While nausea is more common in the first trimester of pregnancy, it can also occur in the third trimester. Nausea in late pregnancy, with or without vomiting, should be little cause for concern most of the time. However, if you have additional symptoms, you might have a more serious disorder which requires prompt attention, including immediate delivery.
Morning Sickness in the Third Trimester
Nausea in your third trimester could be due to recurrence of continuation of morning sickness. Although it usually disappears soon after the first trimester, some women continue to have the symptoms through to the third trimester of pregnancy. Other women are free of morning sickness during the second trimester only to have it recur in the third.
According to a monograph review by the American College of Gastroenterology (page 21):
- Decreased motility of the stomach and intestines contributes to nausea and other bowel symptoms in pregnancy.
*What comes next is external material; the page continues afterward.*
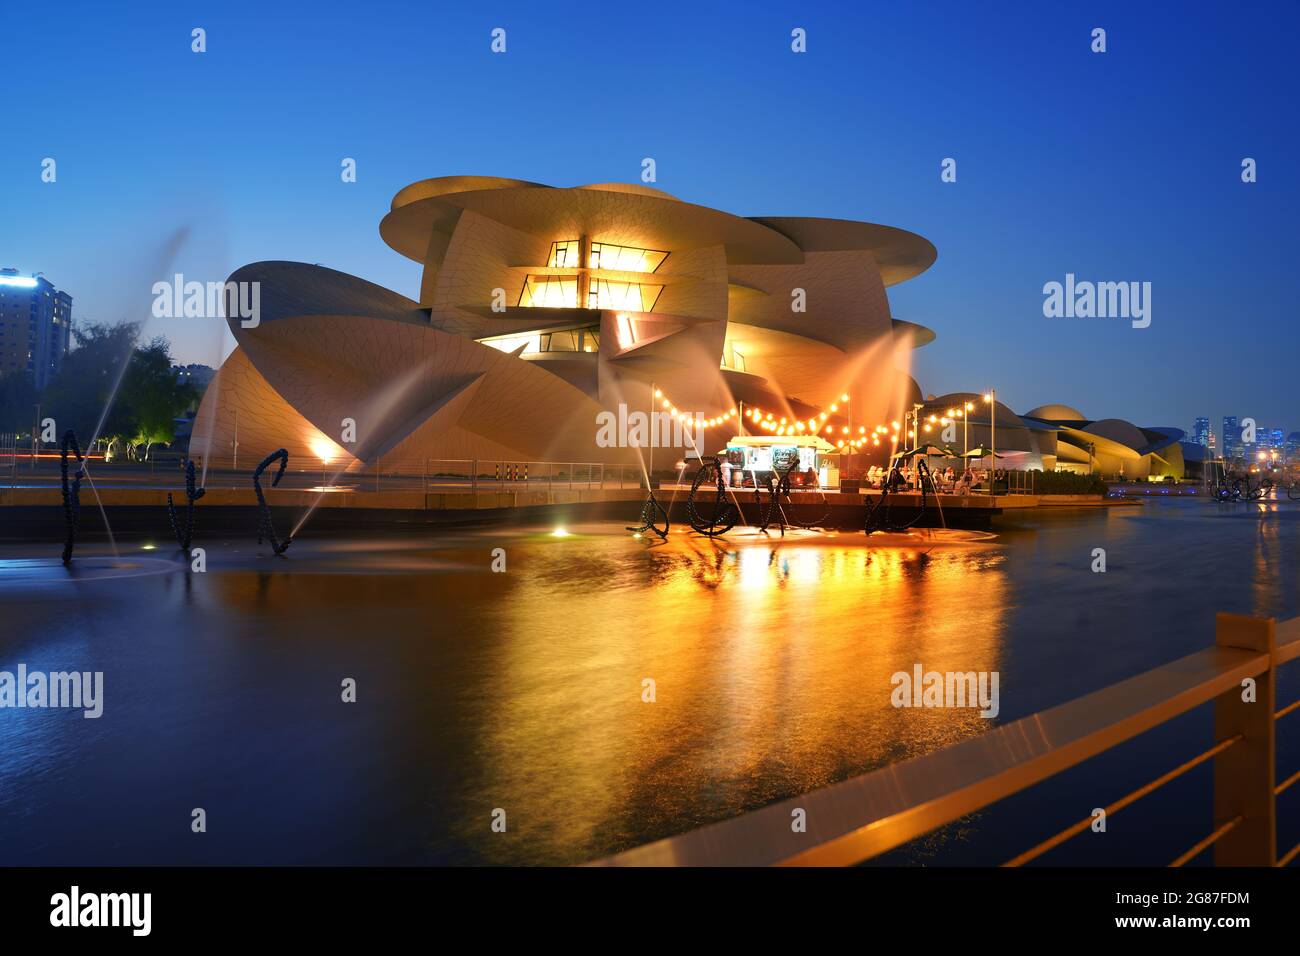 Qatar national museum Stock Photo - Alamy

Bowel motility is even slower in the third trimester.
- The further delay in emptying of your stomach contents in the last trimester can bring back the nausea of the first trimester or worsen your on-going morning sickness.
- It is not certain if increased pressure of the large uterus on the stomach plays a role.
The high levels of hormones during pregnancy is thought to be the cause of the slower gut motility in the third trimester.
Managing Your Symptoms
You can manage morning sickness-related nausea in the third trimester with remedies suggested for first trimester symptoms. This includes the BRAT diet (bananas, rice, applesauce, and toast), dry crackers, ginger ale, and other treatments, such as acupressure wristbands.
When to Seek Help
If you you don't get relief of your nausea from the above remedies in two days, don't hesitate to talk to your OB provider about it. This is especially important if:
- Your nausea is severe or you have vomiting
- Unable to eat or drink adequately
- Losing weight
- Lightheadedness or dizziness from dehydration
- Decreased movement of your baby
- You have other symptoms that suggest a different cause of your nausea, such as abdominal pain, headache, or decreased urine output
Heartburn and Indigestion
If you have heartburn, you can also feel nauseated. Heartburn occurs in 30 to 70 percent of women in pregnancy and is most common in the third trimester, according to Maternal, Fetal, and Neonatal Physiology: A Clinical Perspective (page 426).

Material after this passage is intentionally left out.